All information given by or on behalf of Xxxxxxx to the Seller or any
shareholder, accountant, lawyer or agent thereof in the course of the
negotiations leading to this Agreement was, when given, and is at the date
hereof true, accurate and complete in all material respects.
2. Other Information.
There is no fact or matter which to the knowledge of Xxxxxxx, has not been
disclosed in writing to the Seller which renders the information referred
to in paragraph 1 untrue or misleading at the date of this Agreement or
which, on the basis of good faith, ought to be disclosed to any intending
Seller of the Shares or the disclosure of which might reasonably affect the
willingness of a Seller to sell the Shares on the terms (including the
consideration) contained herein. Xxxxxxx undertakes to disclose immediately
to each Seller anything which come to its notice which is or may be a
breach of any of the warranties set forth in this Schedule 5.1.
3. Representations and Warranties
None of the representations or warranties made by Xxxxxxx in this Agreement
or in any document to be delivered by it pursuant hereto or in connection
with the transactions contemplated hereby contains or will contain any
untrue statement of a fact, or omits or will omit to state a fact necessary
to make any statement or fact contained herein or therein not misleading.
5. Recitals and Schedules.
The information set out in the recitals and Schedules hereto is true,
complete and accurate in all respects.
6. Organization of Xxxxxxx.
Xxxxxxx is a corporation duly organized, validly existing, and in good
standing under the laws of Utah.
7. Capitalization.
The authorized capital stock of Xxxxxxx consists of 50,000,000 shares of
common stock, par value $.001 per share. As of September 28, 2001,
8,640,778 shares of common stock were issued and outstanding, all of which
were validly issued, fully paid and nonassessable, and no shares of common
stock were held in treasury.

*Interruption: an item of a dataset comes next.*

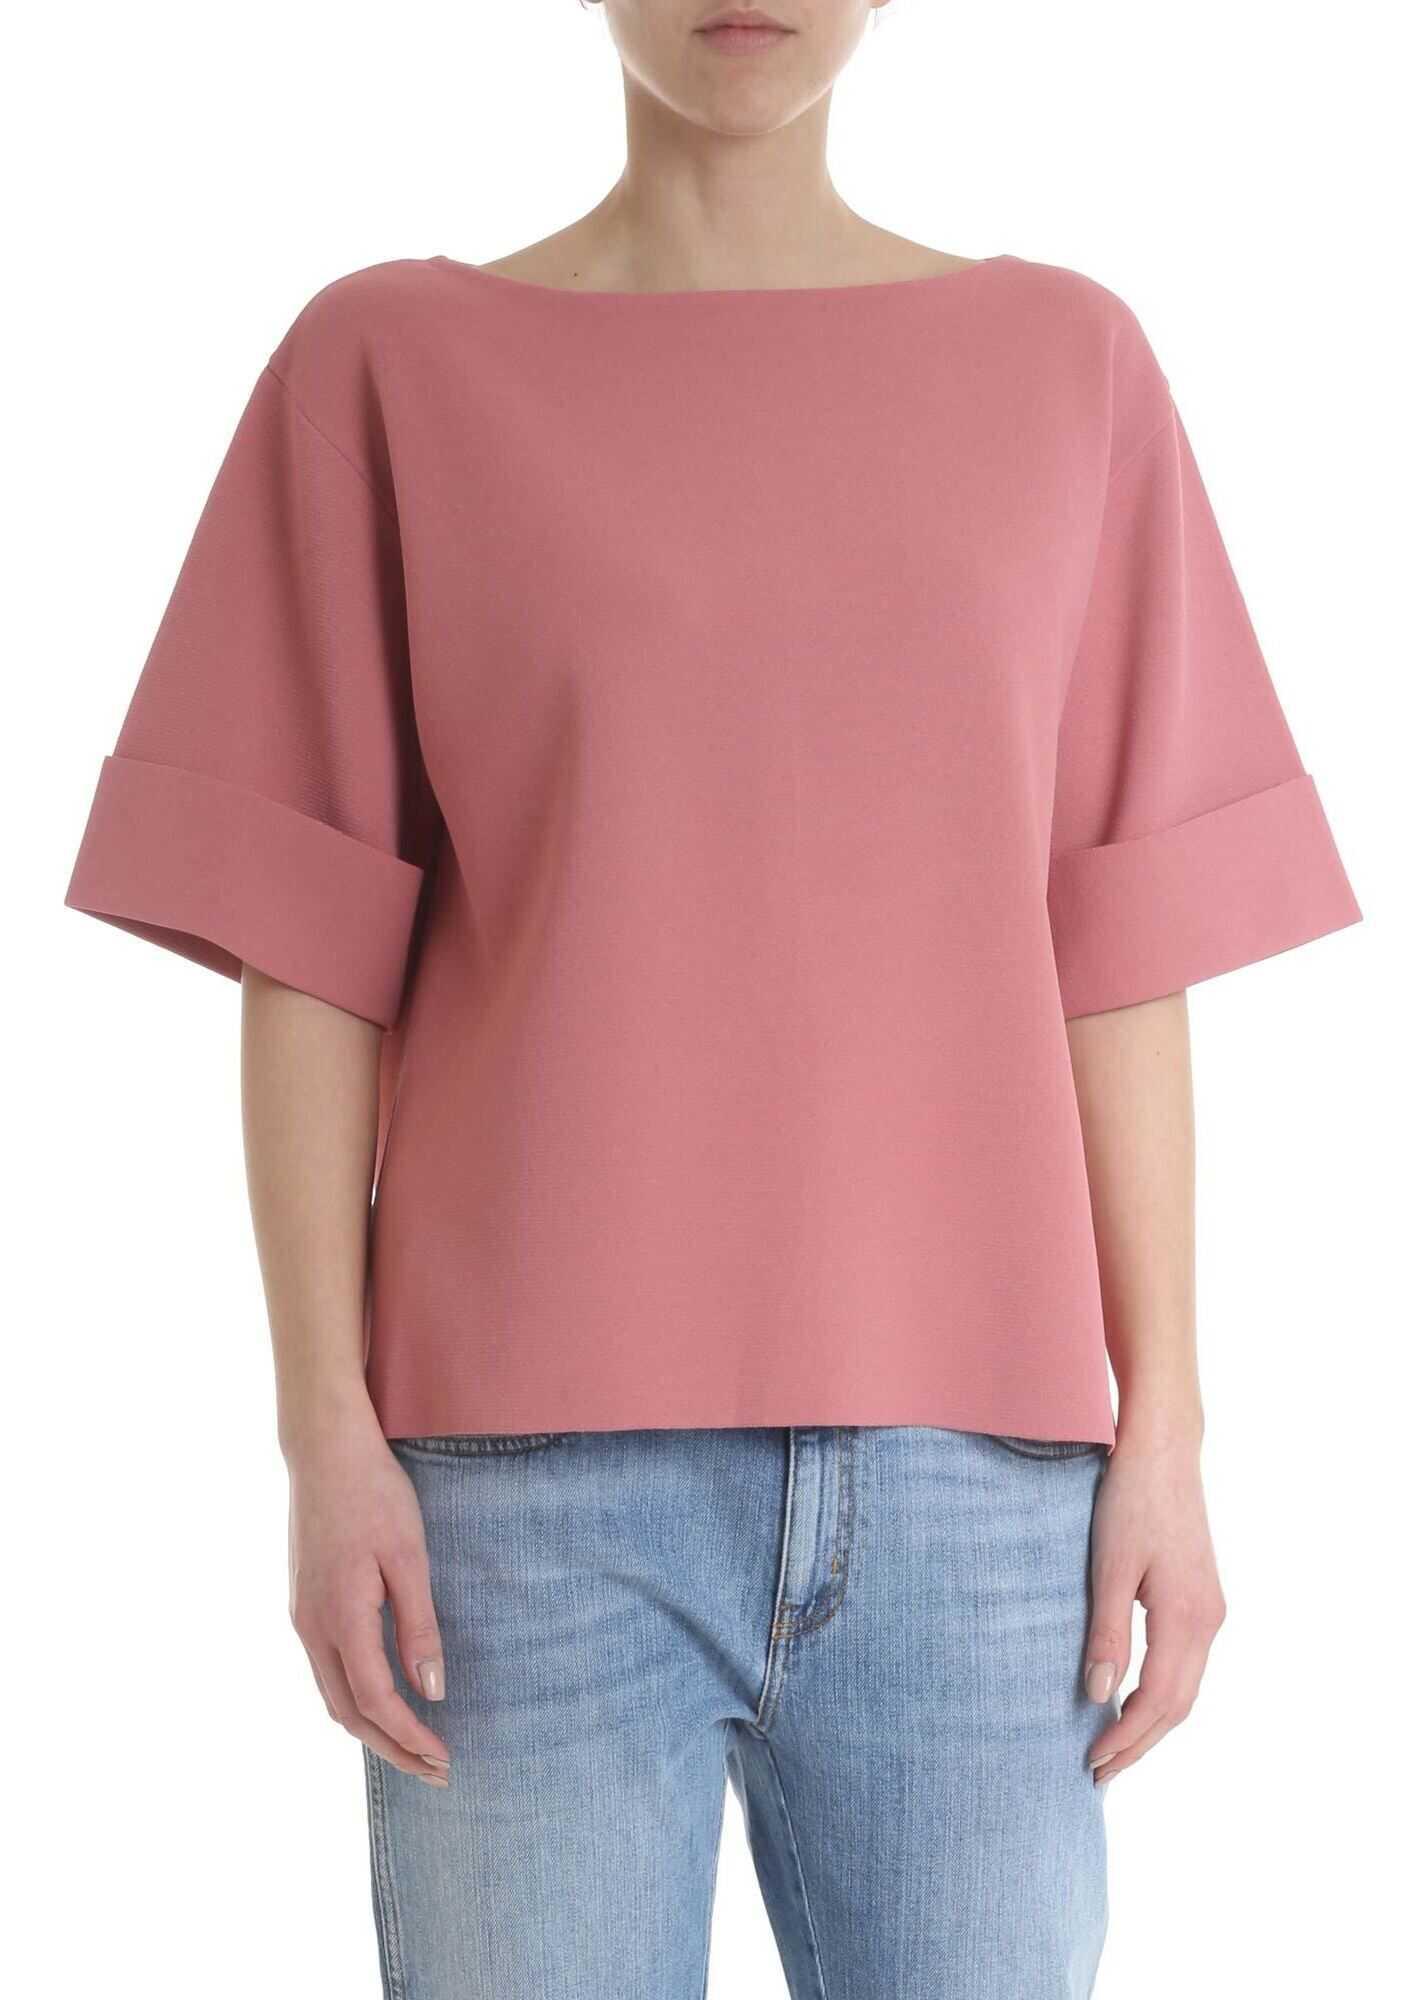 adidas by Stella McCartney Antique Pink Stella Mccartney T-Shirt Pink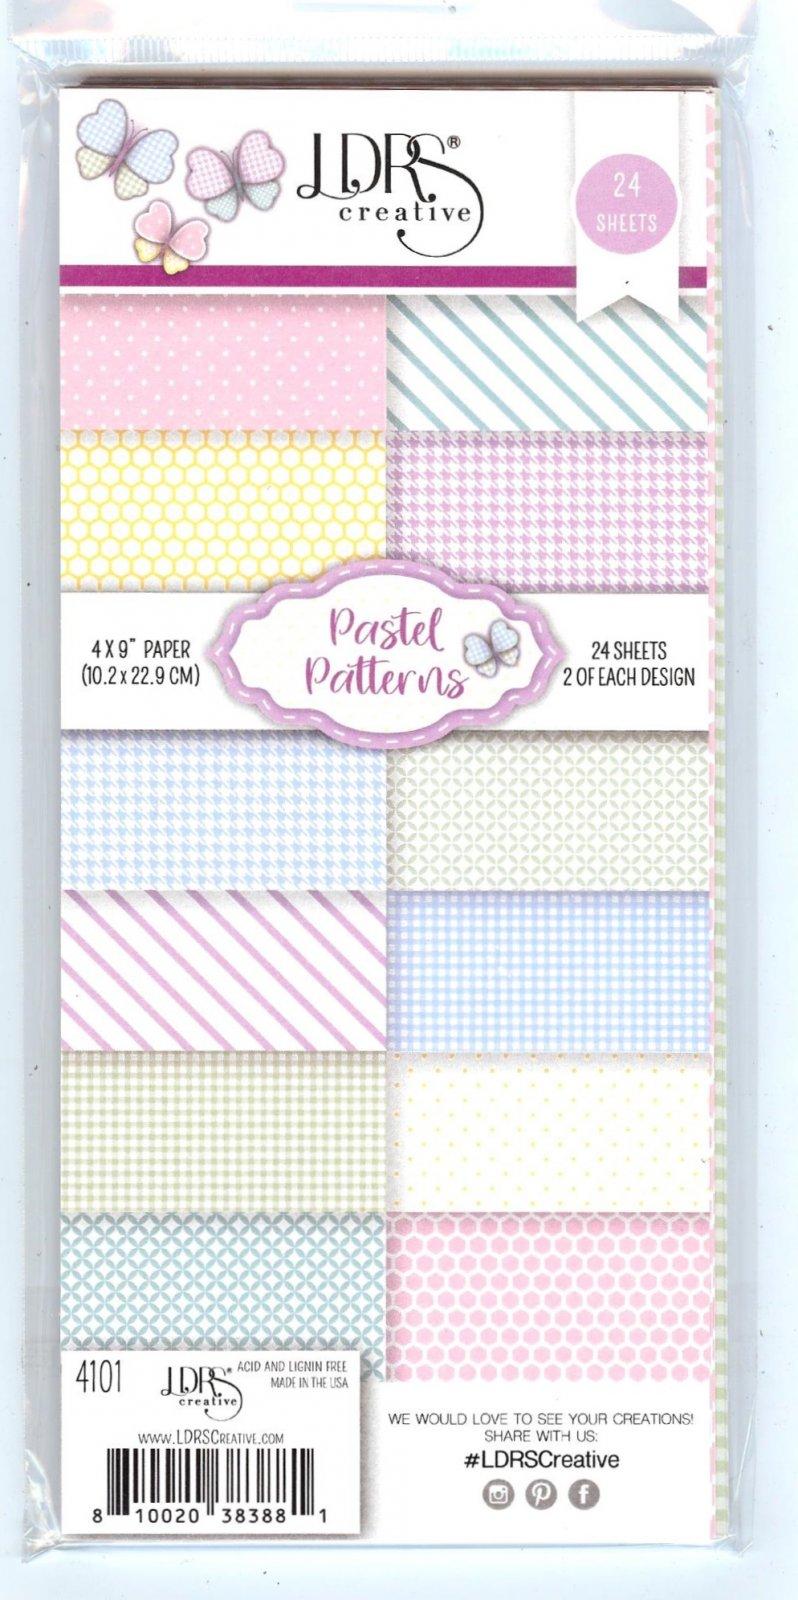 LDRS - Pastel Patterns, 4 x 9

As of June 30, 2001, Xxxxxxx had 1,750,798
options to purchase common stock of the company outstanding under two
employee stock option plans. The Company's 1998 Stock Option Plan (the
"Plan") provides for grants of up to 1,700,000 shares. In addition,
Xxxxxxx'x board of directors has recommended to the shareholders an
amendment to the Plan providing for increasing the number of shares
thereunder to 2,500,000 shares. Except as set forth herein, and other than
Xxxxxxx'x 1997 Employee Stock Purchase Plan in which all employees may
participate, no third party has any right to purchase shares in Xxxxxxx.
68
8. Authorization of Transaction.
Xxxxxxx has full power and authority (including full corporate power and
authority) to execute and deliver this Agreement and to perform its
obligations hereunder. This Agreement constitutes the valid and legally
binding obligation of Xxxxxxx, enforceable in accordance with its terms and
conditions.
9. Noncontravention.
The execution and the delivery of this Agreement, and the consummation of
the transactions contemplated hereby will not or with the giving of notice
or the lapse of time, or both, would not (i) violate any constitution,
statute, regulation, rule, injunction, judgment, order, decree, ruling,
charge, or other restriction of any government, governmental agency, or
court to which Xxxxxxx is currently subject or any current provision of its
charter or bylaws or (ii) conflict with, result in a breach of, constitute
a default under, result in the acceleration of, create in any party the
right to accelerate, terminate, modify, or cancel, or require any notice
under any agreement, contract, lease, license, instrument, or other
arrangement to which Xxxxxxx is a party or by which it is bound or to which
any of its assets is subject. Xxxxxxx does not need to give any notice to,
make any filing with, or obtain any authorization, consent, or approval of
any government or governmental agency in order for the Parties to
consummate the transactions contemplated by this Agreement, which will not
be obtained prior to the Completion.
10. Brokers' Fees.
Xxxxxxx has no liability or obligation to pay any fees or commissions to
any broker, finder, or agent with respect to the transactions contemplated
by this Agreement for which the Seller could become liable or obligated.
11. Calculation of EPS
In relation to the calculation of Earn-Out in clause 2.3, Xxxxxxx will act
in good faith in accordance with its customary practices and U.S.
Securities and Exchange Commission practice in making the EPS calculation.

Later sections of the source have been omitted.